=== Work item ===
In the material below, find the line containing "Square-shaped papaya bars" and the line containing "Members of the", then reproduce exactly both of them and every line between, and nothing else.

=== Dataset entries ===
---

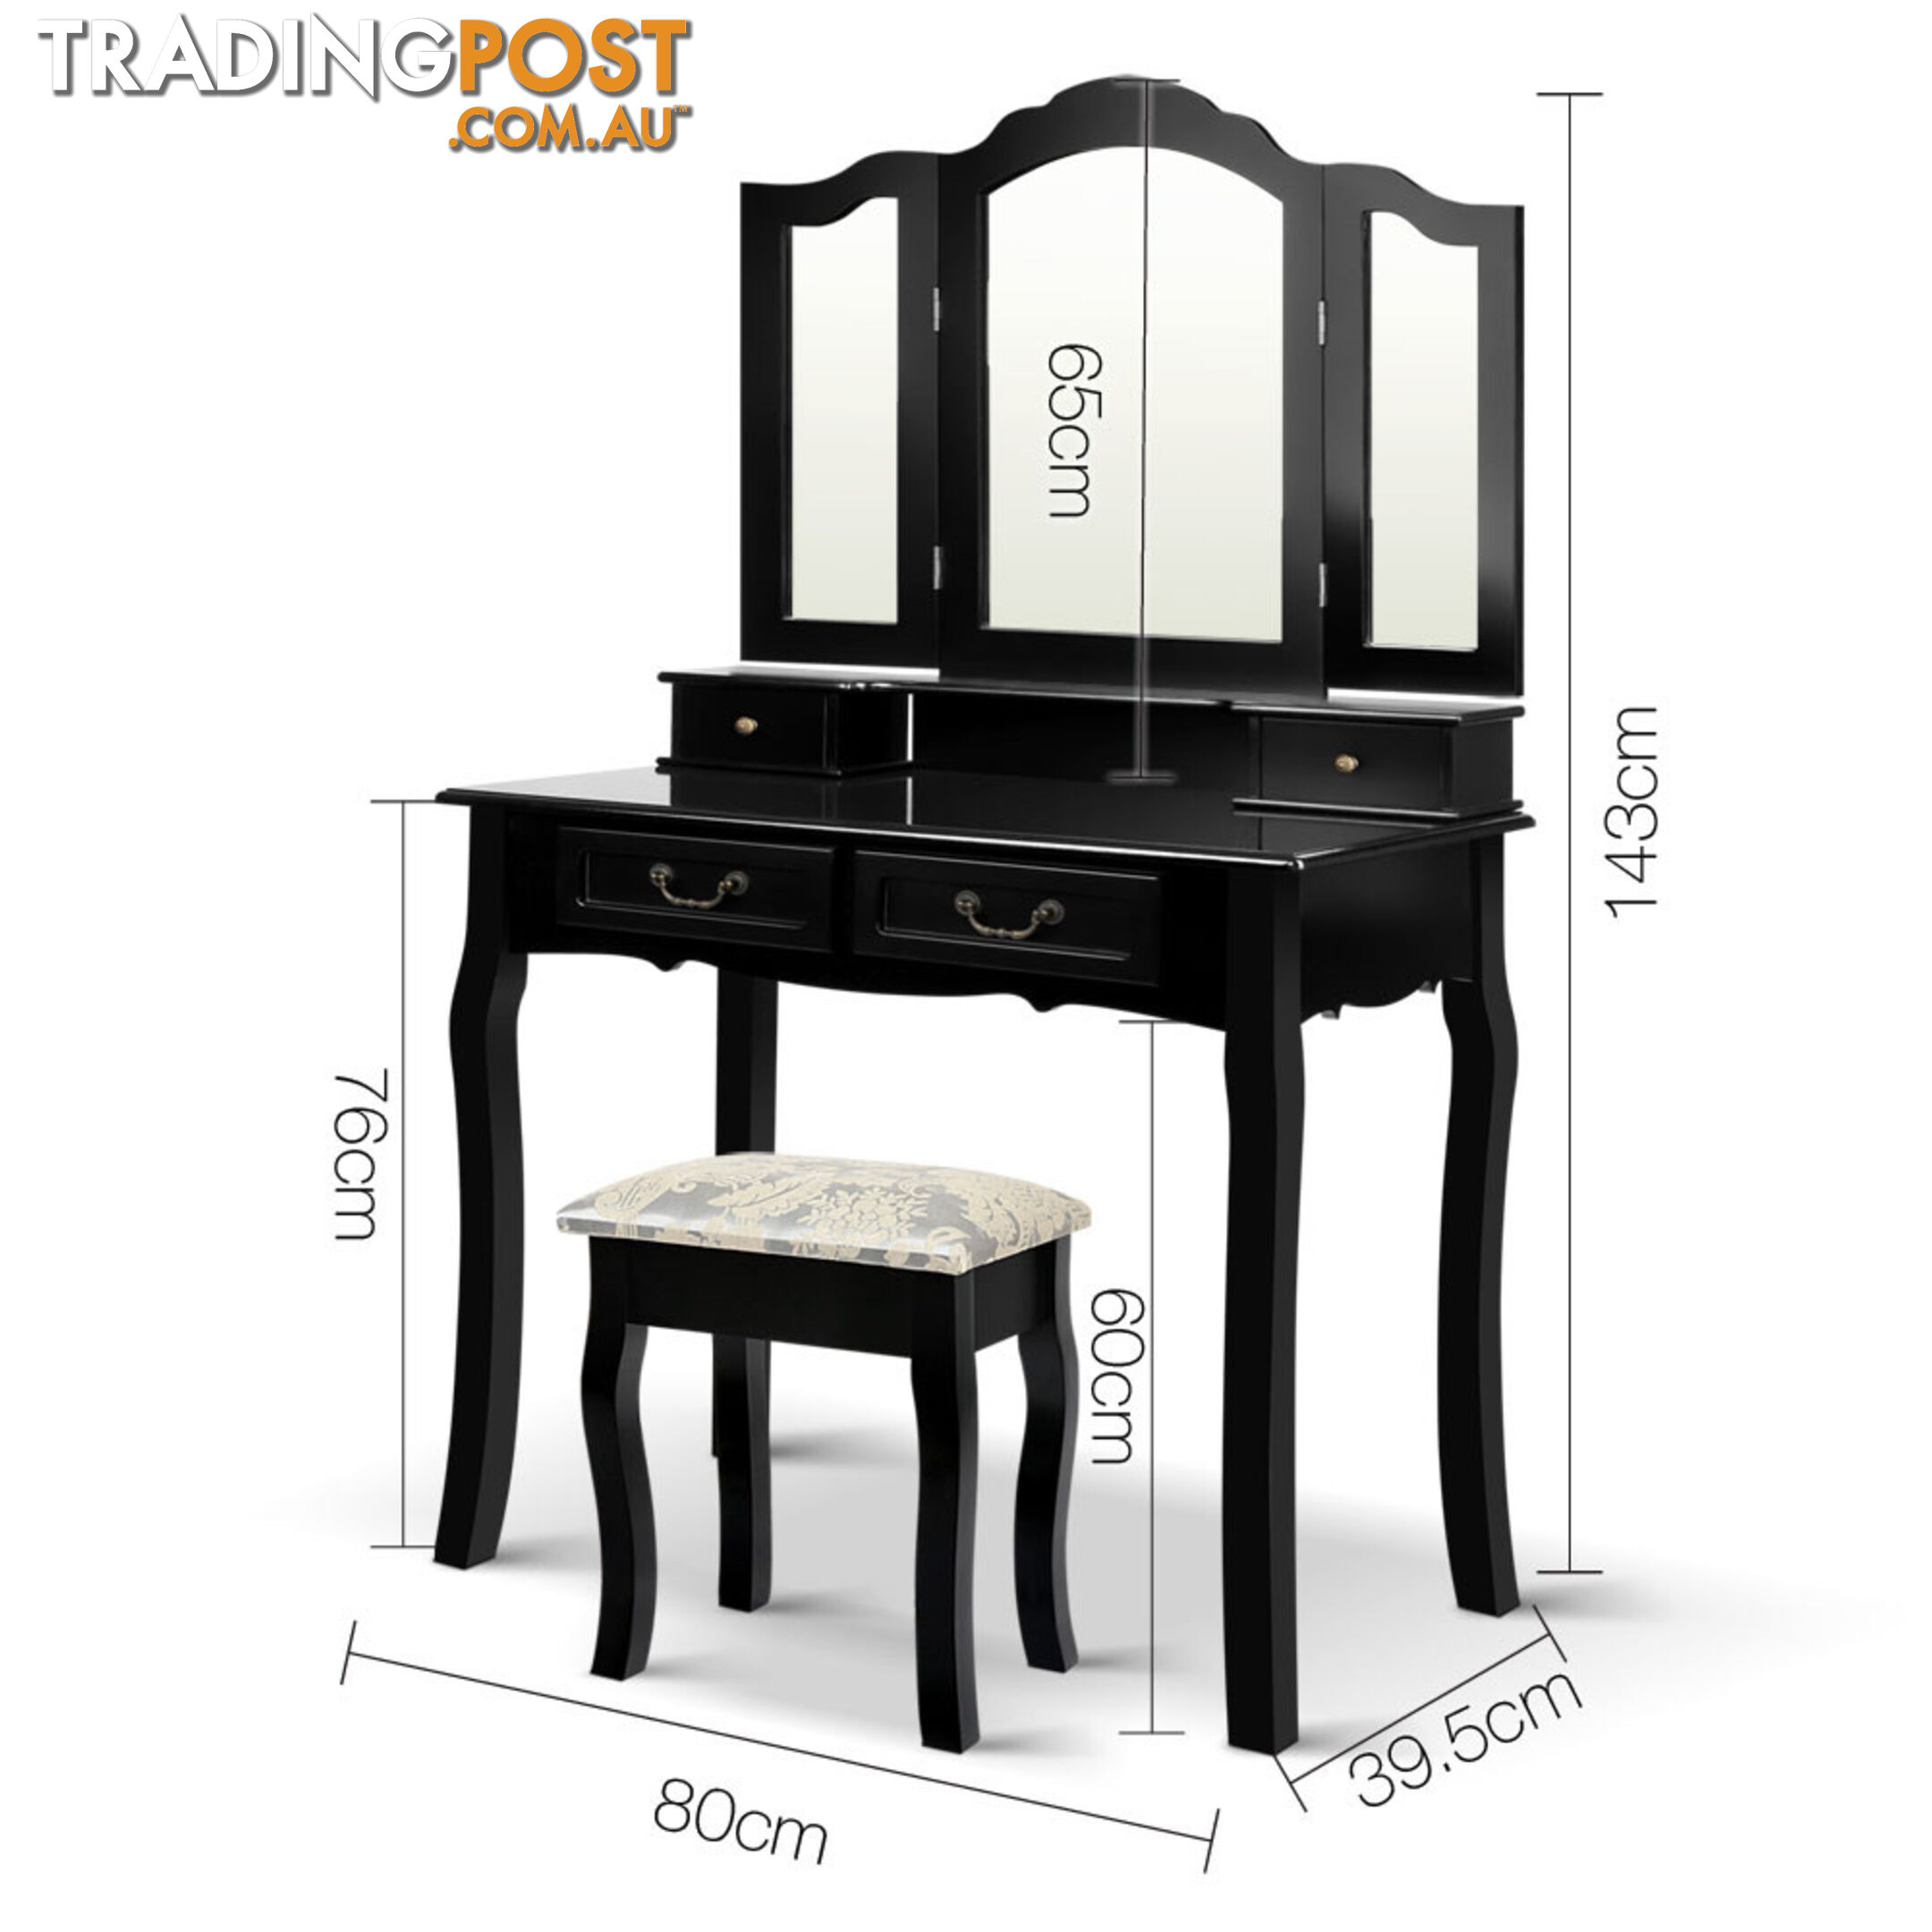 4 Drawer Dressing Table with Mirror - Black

---

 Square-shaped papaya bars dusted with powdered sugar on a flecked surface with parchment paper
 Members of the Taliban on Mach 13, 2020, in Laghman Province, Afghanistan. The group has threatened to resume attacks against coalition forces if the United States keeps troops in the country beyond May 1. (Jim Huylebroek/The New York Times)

---

=== Output ===
 Square-shaped papaya bars dusted with powdered sugar on a flecked surface with parchment paper
 Members of the Taliban on Mach 13, 2020, in Laghman Province, Afghanistan. The group has threatened to resume attacks against coalition forces if the United States keeps troops in the country beyond May 1. (Jim Huylebroek/The New York Times)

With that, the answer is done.